All solutions I can think of involve adding a bunch of boilerplate to my terraform config. Should I consider generating my terraform config from a script?


I made a git repo that shows exactly the problems I'm having:

https://github.com/bukzor/terraform-gke-k8s-demo

1
What error do you get? Can you provide a minimal reproducible example that reproduces the issue? You absolutely can create and destroy things that have a dependent provider in one go with Terraform but it does depend slightly on the provider and also how you write things.ydaetskcoR
@ydaetskcoR: Here you go! github.com/bukzor/terraform-gke-k8s-demobukzor

1 Answers

3
votes

TL;DR

Two solutions:

  1. Create two separate modules with Terraform
  2. Use interpolations and depends_on between the code that creates your Kubernetes cluster and the kubernetes resources:

    resource "kubernetes_service" "example" {
      metadata {
        name = "my-service"
      }
    
      depends_on = ["aws_vpc.kubernetes"]
    }
    
    resource "aws_vpc" "kubernetes" {
      ...
    }
    

When destroying resources

You are encountering a dependency lifecycle issue

PS: I don't know the code you've used to create / provision your Kubernetes cluster but I guess it looks like this

  1. Write code for the Kubernetes cluster (creates a VPC)
  2. Apply it
  3. Write code for provisionning Kubernetes (create an Service that creates an ELB)
  4. Apply it
  5. Try to destroy everything => Error

What is happenning is that by creating a LoadBalancer Service, Kubernetes will provision an ELB on AWS. But Terraform doesn't know that and there is no link between the ELB created and any other resources managed by Terraform. So when terraform tries to destroy the resources in the code, it will try to destroy the VPC. But it can't because there is an ELB inside that VPC that terraform doesn't know about. The first thing would be to make sure that Terraform "deprovision" the Kubernetes cluster and then destroy the cluster itself.

Two solutions here:

  1. Use different modules so there is no dependency lifecycle. For example the first module could be k8s-infra and the other could be k8s-resources. The first one manages all the squeleton of Kubernetes and is apply first / destroy last. The second one manages what is inside the cluster and is apply last / destroy first.

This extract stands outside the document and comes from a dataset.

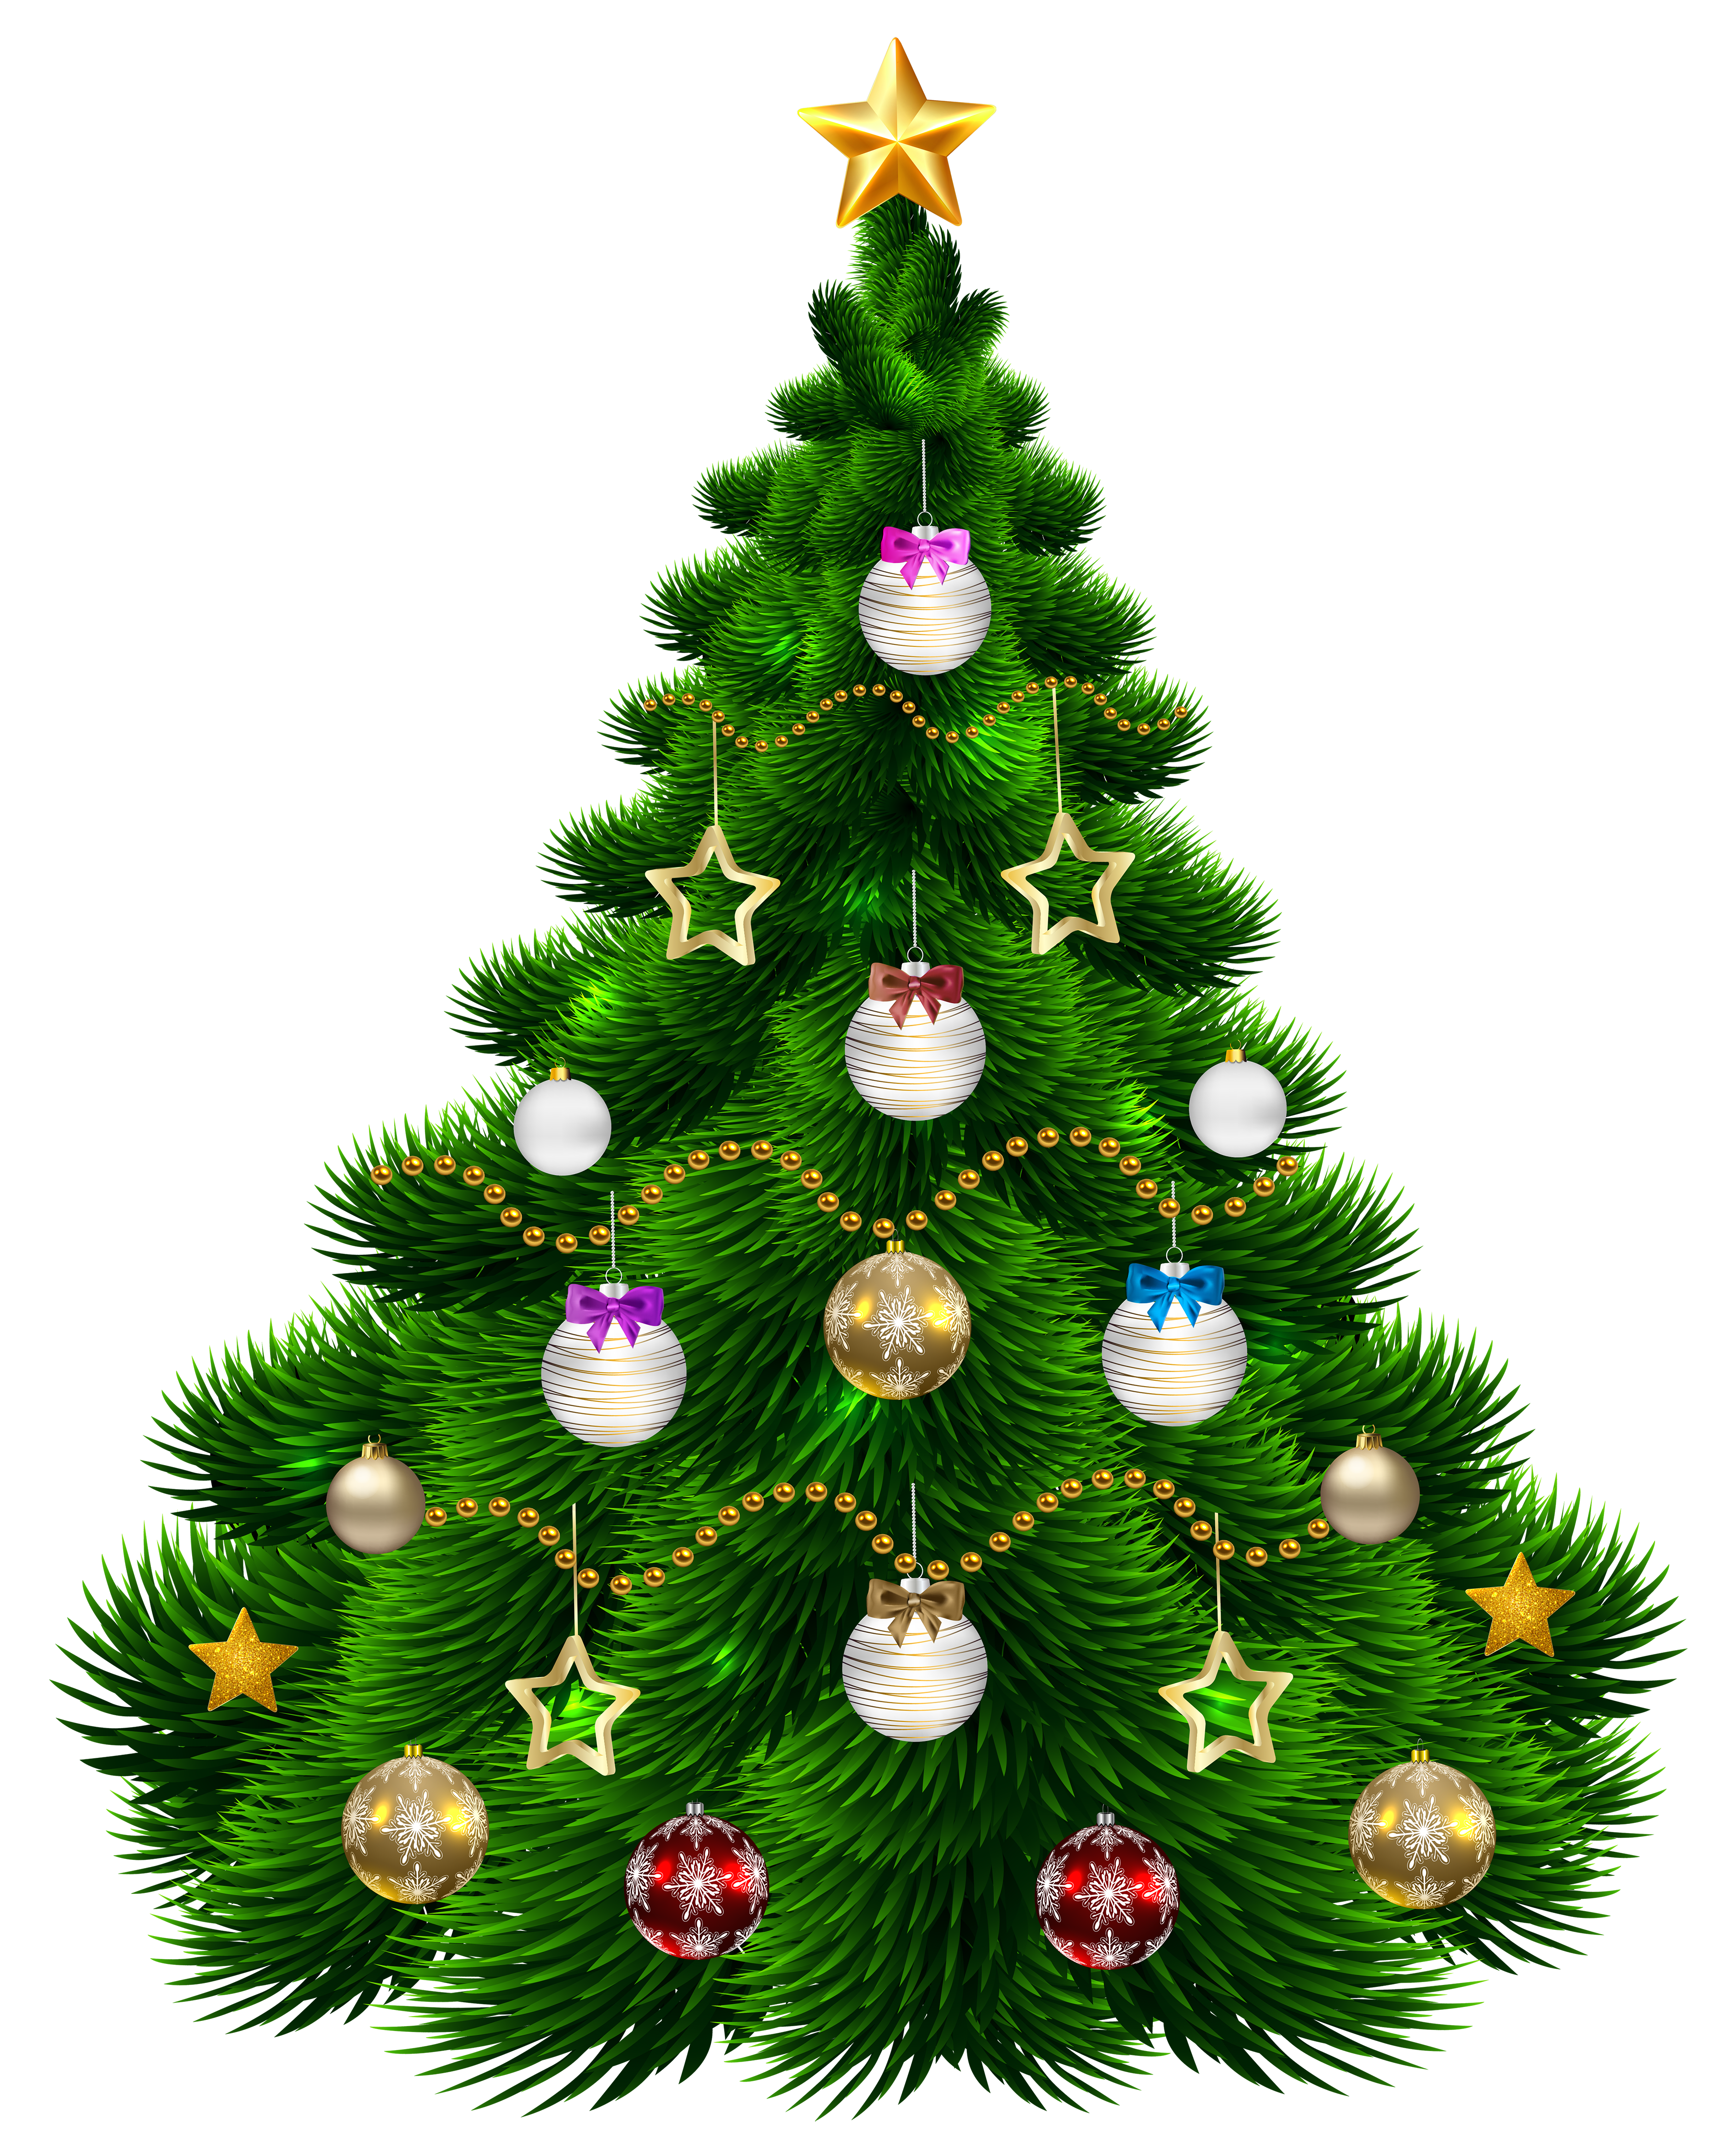 Beautiful christmas star clipart clipart royalty free library Beautiful Christmas Tree with Ornaments PNG Clip-Art Image ... clipart royalty free library

  2. Use the depends_on parameter to write the dependency lifecycle explicitly

When creating resources

You might also ran into a dependency issue when terraform apply cannot create resources even if nothing is applied yet. I'll give an other example with a postgres

  1. Write code to create an RDS PostgreSQL server
  2. Apply it with Terraform
  3. Write code, in the same module, to provision that RDS instance with the postgres terraform provider
  4. Apply it with Terraform
  5. Destroy everything
  6. Try to apply everything => ERROR

By debugging Terraform a bit I've learned that all the providers are initialized at the beggining of the plan / apply so if one has an invalid config (wrong API keys / unreachable endpoint) then Terraform will fail.

The solution here is to use the target parameter of a plan / apply command. Terraform will only initialize providers that are related to the resources that are applied.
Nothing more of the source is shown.